Shanghai has a humid subtropical climate (Köppen climate classification Cfa) and experiences four distinct seasons. In winter, cold northerly winds from Siberia can cause nighttime temperatures to drop below freezing, and although not usually associated with snow, the city can receive one or two days of snowfall per year. In contrast, and in spite of being the peak tourist season, summer in Shanghai is very warm and humid, with occasional downpours or freak thunderstorms.
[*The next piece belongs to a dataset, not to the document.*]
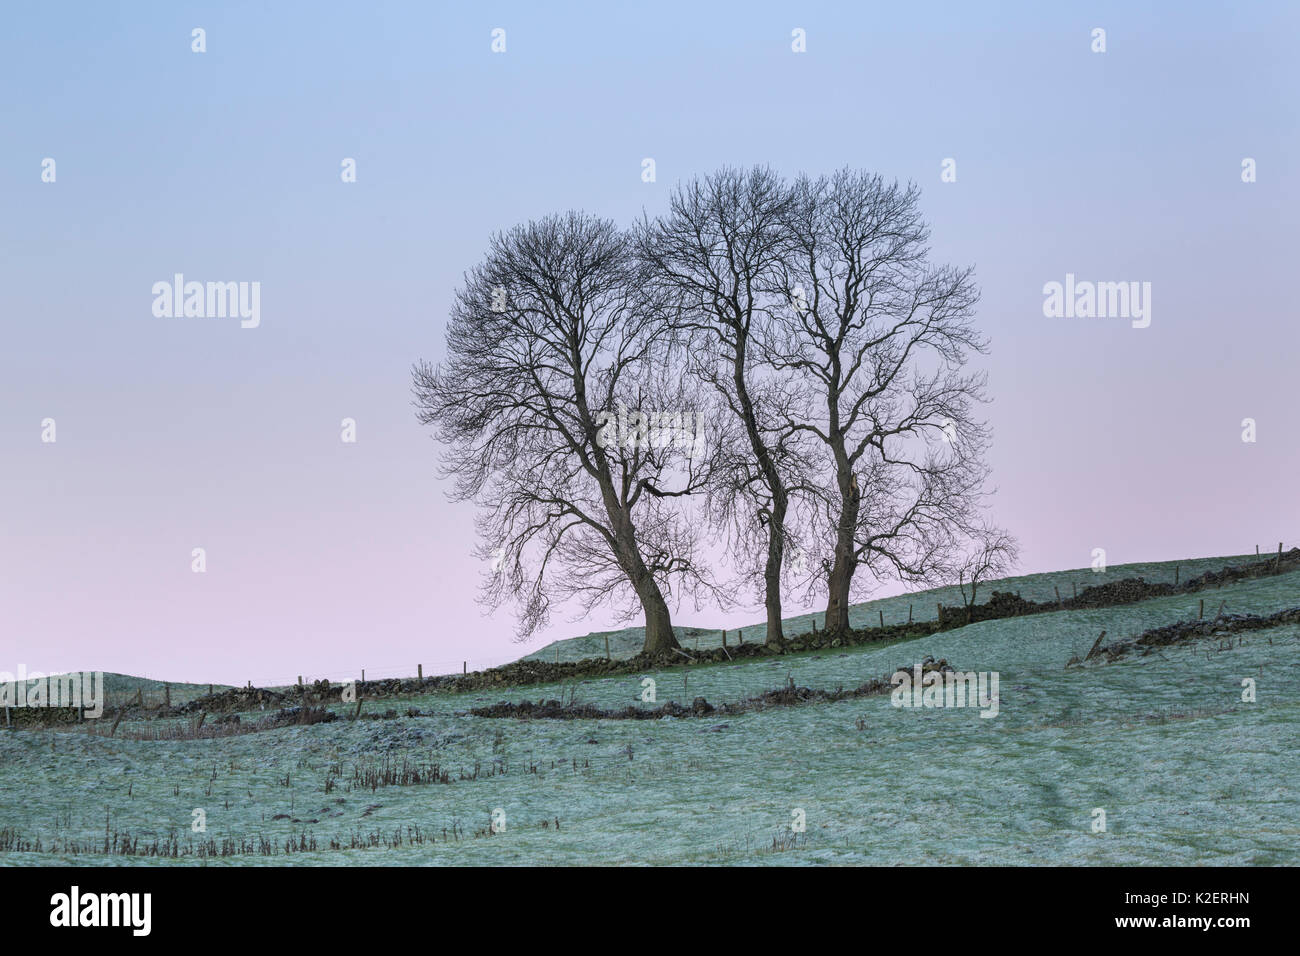 Trois frênes (Fraxinus excelsior) découpé le long d'une limite de champ sur un matin glacial. Parc national de Peak District, Derbyshire, Royaume-Uni. Décembre. Banque D'Images

The city is also susceptible to typhoons, none of which in recent years has caused considerable damage. The most pleasant seasons are Spring, although changeable, and Autumn, which is generally sunny and dry.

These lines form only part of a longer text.